Inghilterra-Argentina: per me vale più di una semifinale
Ci sono derby che dividono una città Roma contro la Lazio, che dividono l’Italia in due: la Juve contro l’Inter o contro il Napoli. Ma nessuna di queste rivalità è secondo me pari alla rivalità tra Argentina e Inghilterra. Che per la quinta volta nella storia dei Mondiali di calcio giocheranno contro, e la posta in gioco per questo imminente incontro sarà la finale, contro Francia o Spagna che giocano già stasera.
Non stiamo parlando solo di calcio, ovvio. È la storia di due Paesi all’estremo, nord vs. sud, latini vs. anglosassoni, e che nel 1982 si sono fatti la guerra sul serio, per un arcipelago spelacchiato che gli inglesi chiamano Falklands e gli argentini continuano a chiamare Malvinas. 74 giorni di conflitto, centinaia di morti.
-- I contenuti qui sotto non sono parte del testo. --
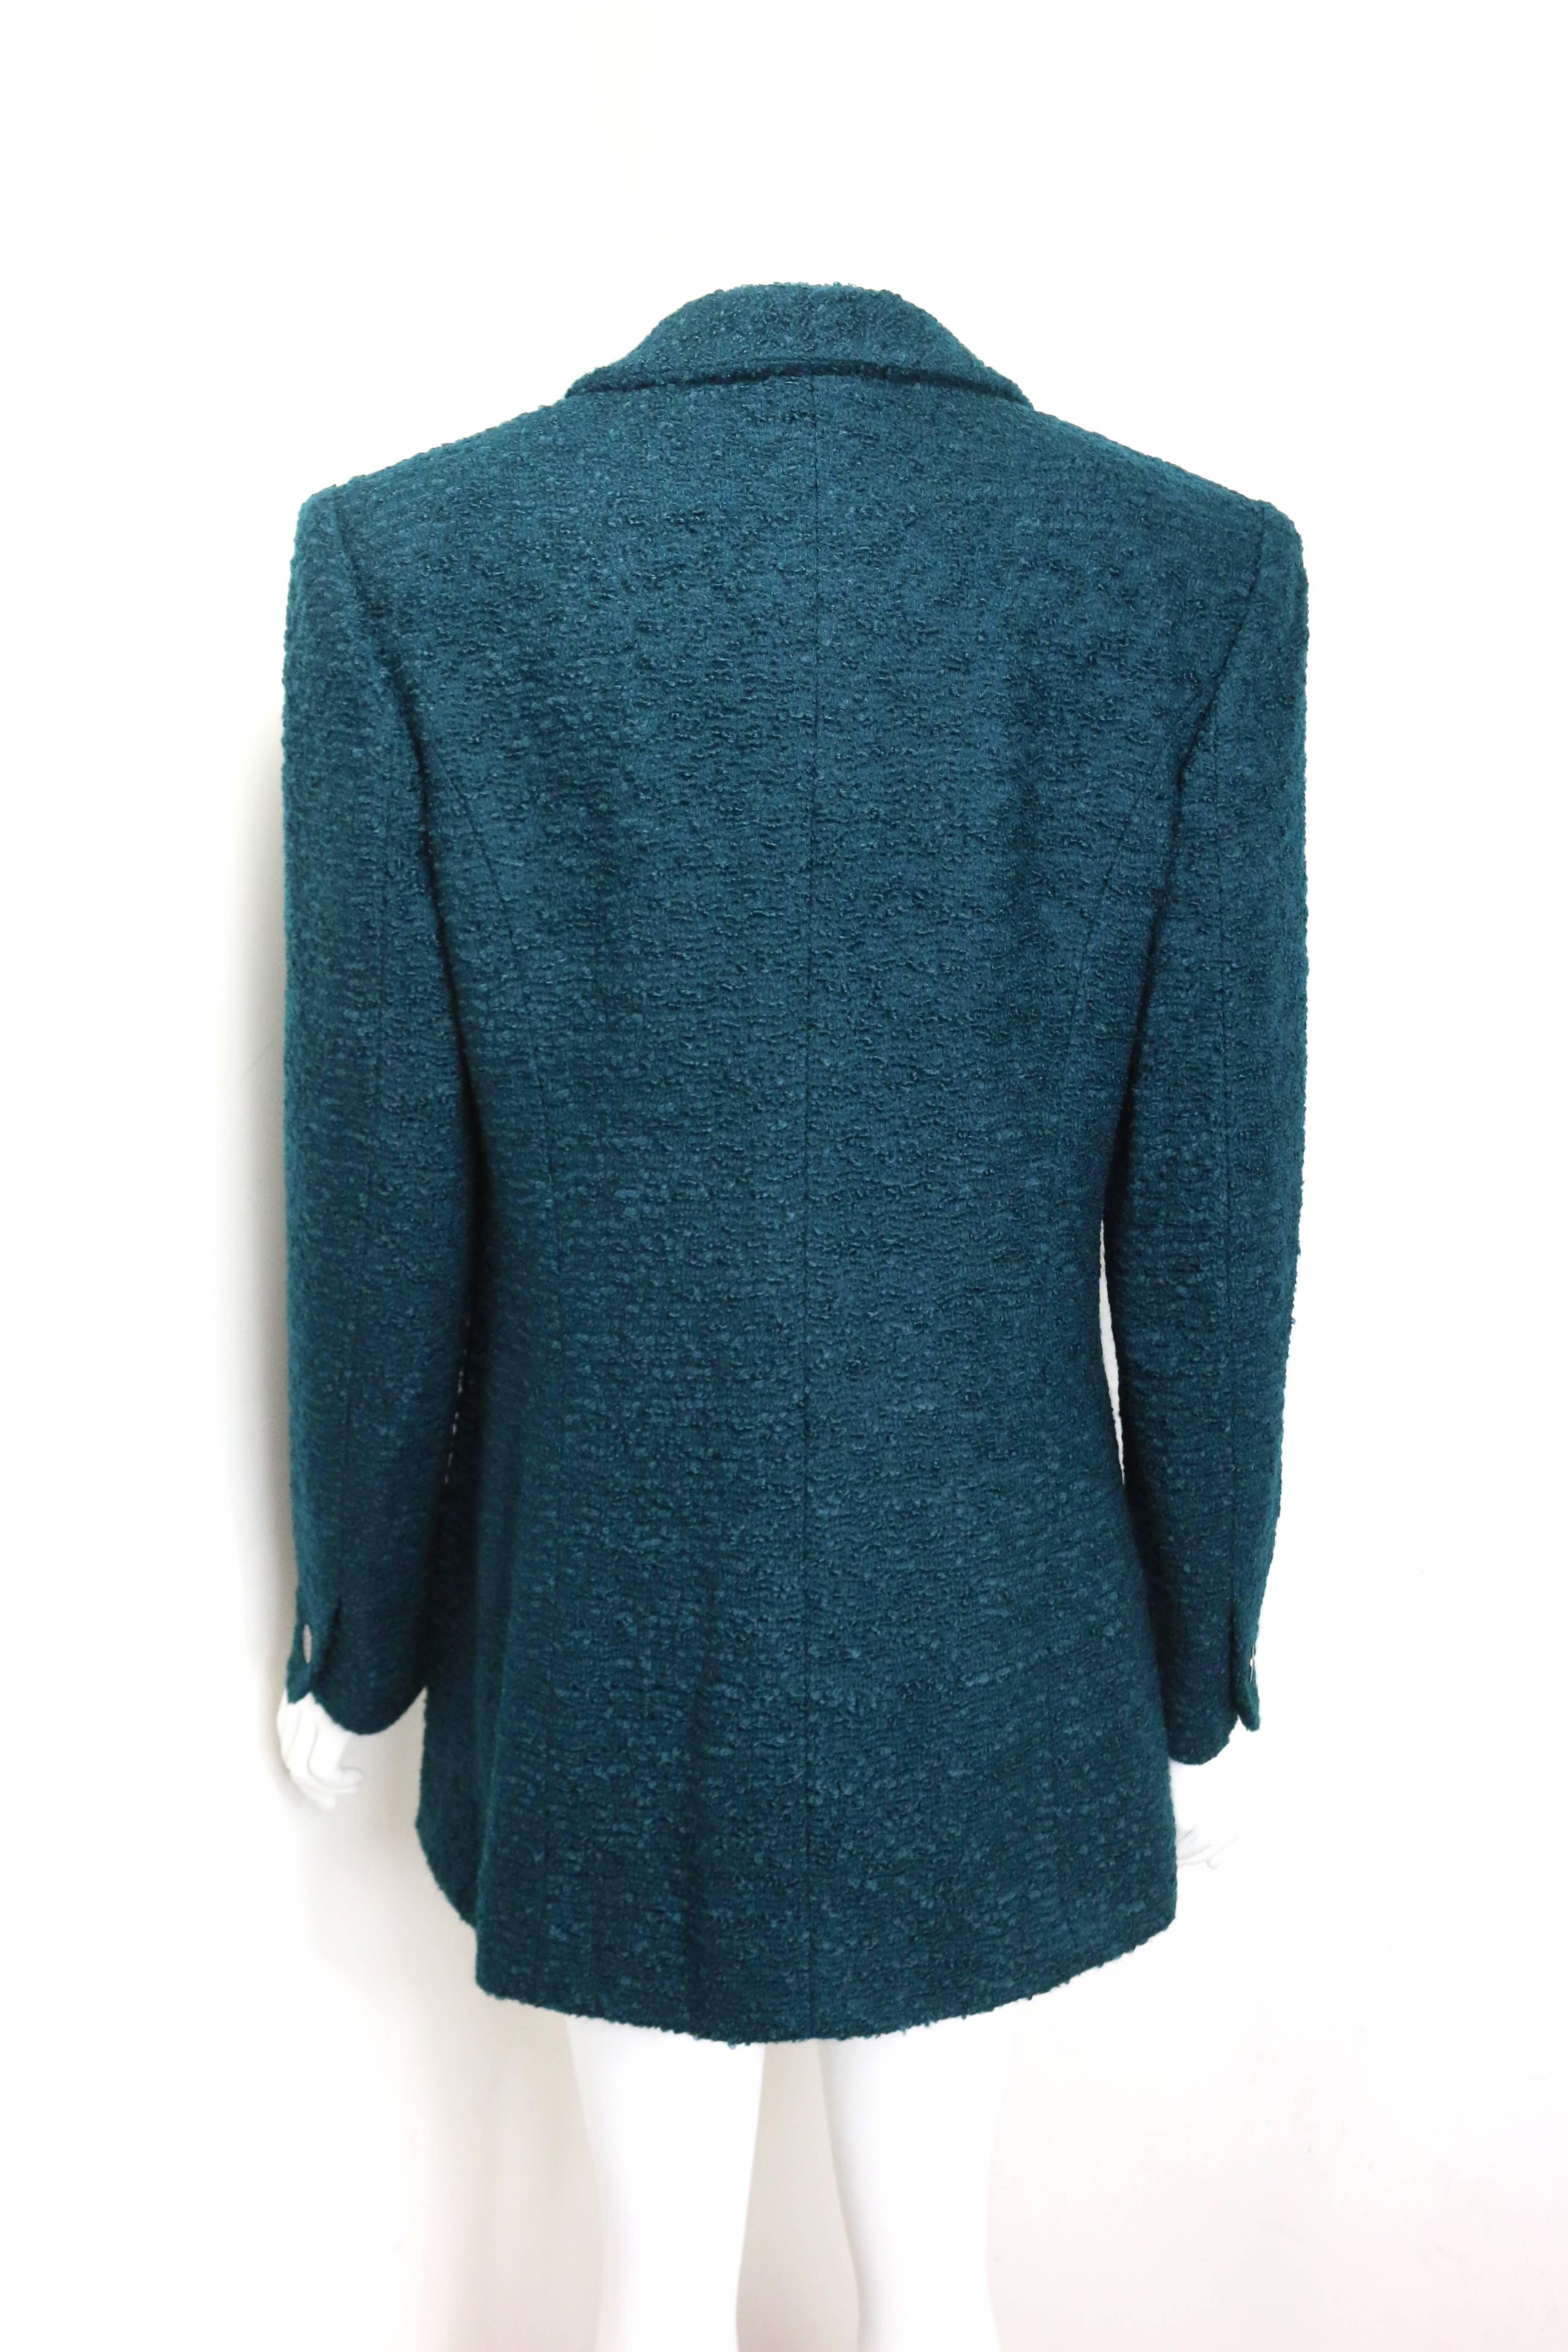 Women's Chanel Green Mohair and Boucle Wool Jacket (Unworn) For Sale

Quella ferita non si è mai davvero rimarginata, e ogni volta che le due nazionali scendono in campo, torna a bruciare un po’, e ritorna la rivalità sul campo e in mare (in guerra).
C’è un dettaglio che dice molto della psicologia del tifo inglese, che nella sua storia ha mischiato spesso elementi bellici con quelli calcistici: sugli spalti, tra i sostenitori dei Tre Leoni, circola da decenni un coretto da stadio nato originariamente contro la Germania (altra storica rivale in campo e in guerra), che si intona su un’aria di una vecchia filastrocca popolare e il cui ritornello recita più o meno così: “Two World Wars and one World Cup, doo dah, doo dah” — due guerre mondiali e un Mondiale di calcio. Un coro senza autore, tramandato di stadio in stadio, nato per punzecchiare i tedeschi ma pronto all’occorrenza a colpire chiunque capiti a tiro.
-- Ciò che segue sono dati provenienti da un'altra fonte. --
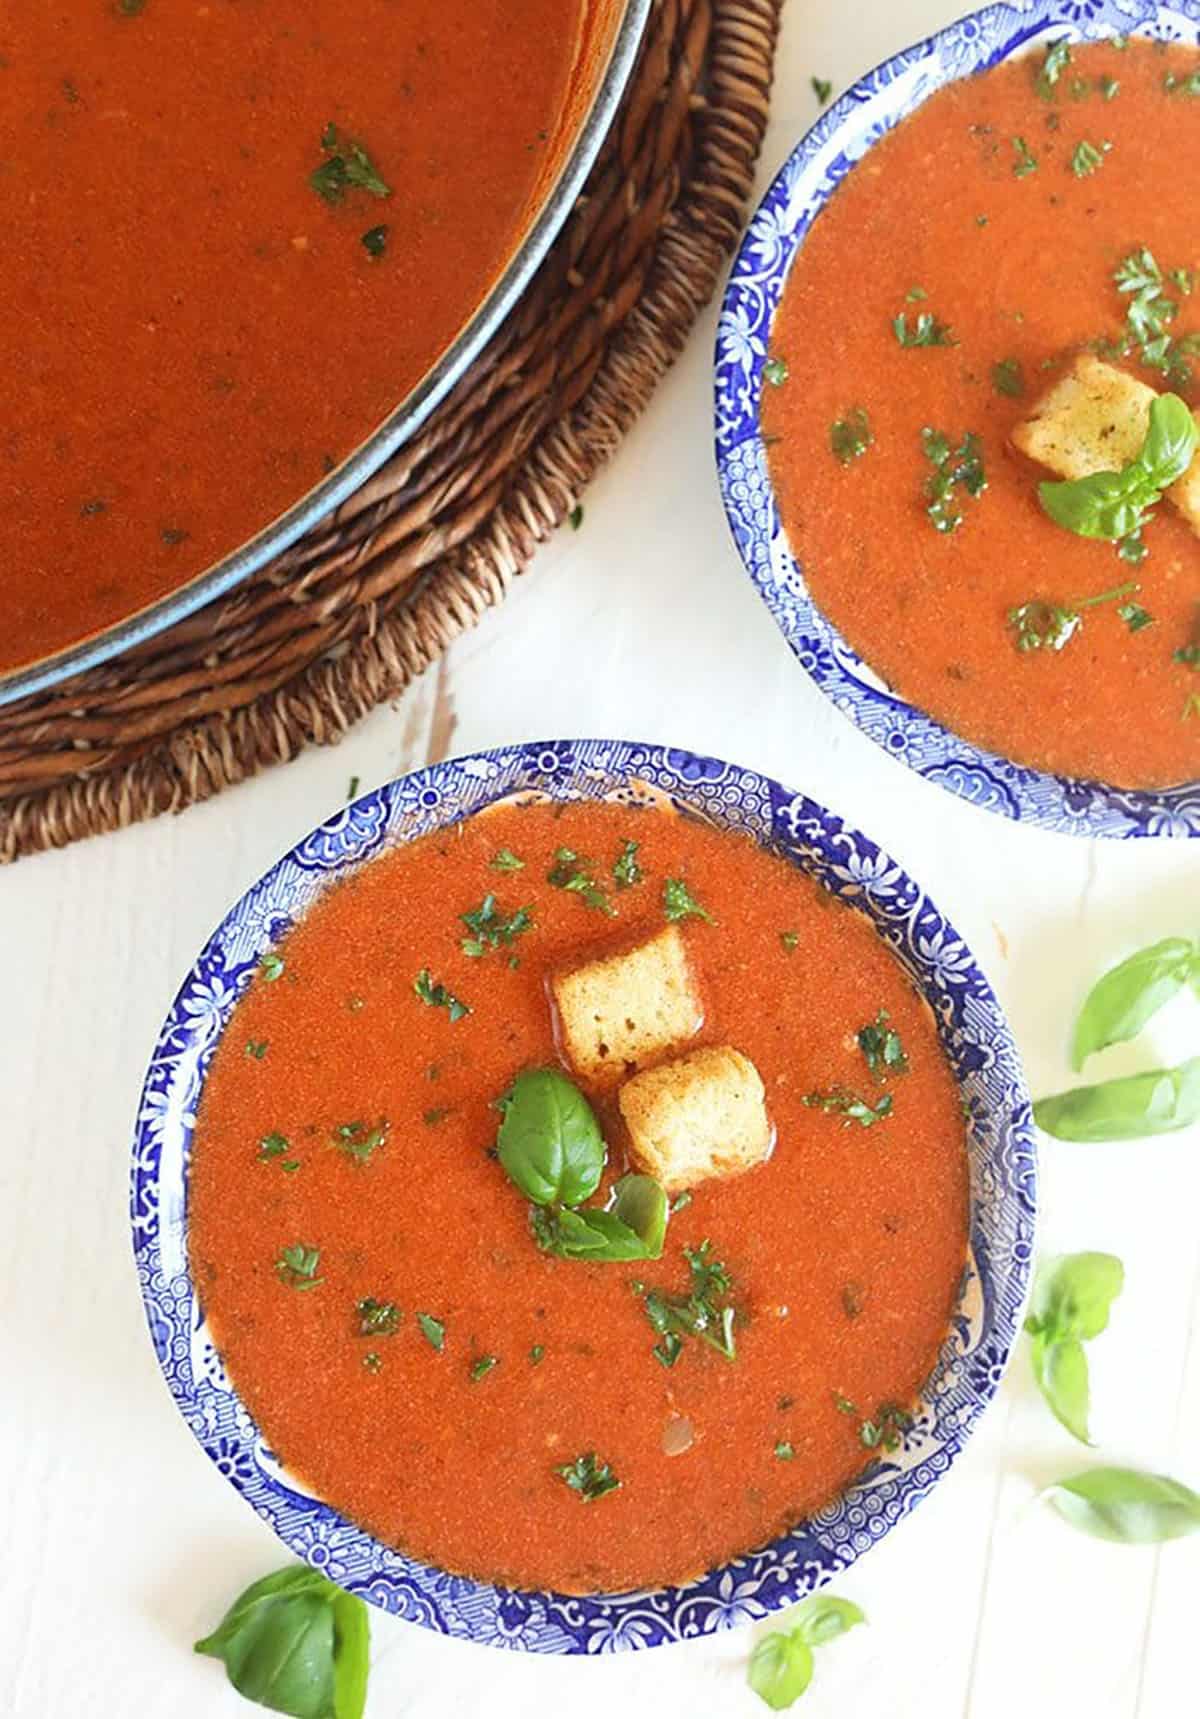 Overhead shot of tomato basil bisque with croutons in a blue and white bowl on a white background.

È un coro che mescola gioco e guerra, campi minati e campi di calcio. Magari tutte le guerre si risolvessero in un campo di calcio, sarebbe meglio per tutta l’umanità. Immaginate se ci fosse stata una finale Usa vs. Iran.
C’è poi un altro capitolo scomodo, ed è storicamente documentato: dopo la Seconda guerra mondiale, l’Argentina di Juan Perón fu una delle mete di fuga per diversi gerarchi e criminali nazisti: Adolf Eichmann, Josef Mengele. L’Argentina è entrata nell’immaginario europeo del dopoguerra: un paese lontano, rifugio di chi scappava dall’Europa e andava a nascondersi.
E poi c’è il Mondiale del 1978, il primo che io ricordi (avevo 6 anni, e vi giuro che ricordo il gol di Bettega contro gli albiceleste, anche se la tv era in bianco e nero), giocato in casa dall’Argentina sotto la dittatura militare del generale Videla gli anni bui dei desaparecidos, del terrore di Stato. Ma questo l’ho saputo poi da grande, naturalmente non ricordo che se ne parlasse tanto, e non ricordo che ne parlasse nemmeno mio padre e gli adulti in casa. Però vincemmo 1 a 0, gol di Bettega e in panchina c’era Bearzot e in porta Zoff e 4 anni dopo sappiamo tutti come andò a finire, coppa vinta e anche lì dovettimo battere l’Argentina 2 a 1.
Confesso che sarò diviso nel tifo: da una parte c’è l’Argentina che è, in un certo senso, anche un po’ italiana. Quasi il 60-70% degli argentini ha origini italiane. Sul chi merita la finale: l’Inghilterra non ci arriva dal 1966, l’unico Mondiale vinto, giocato in casa, con quel gol in finale un po’ dubbio contro la Germania Ovest, che fu tanto discusso quanto la Mano de Dios del 1986 (il celebre “gol fantasma” di Hurst, il pallone che rimbalzò sulla linea di porta senza che si potesse stabilire con certezza se fosse entrato del tutto). Sessant’anni di attese, di “it’s coming home” cantato e mai avverato. L’Argentina invece la finale l’ha vista già 3 volte e fresca vittoria di quattro anni fa, a Doha, alzando la coppa con Messi. Quindi diciamo che un Mondiale dell’Inghilterra (sembra che poi batta la Francia o la Spagna in finale) sarebbe affascinante a distanza di 60 anni esatti, poi vorrei che tornassero anche i Beatles e Robert Kennedy (Bob quello vero), ma questa è un’altra storia. “Two World Wars and two World Cup, doo dah, doo dah” chissà così i tifosi inglesi magari finalmente cambieranno quell’inno, pareggiando due mondiali vinti con due guerre mondiali vinte.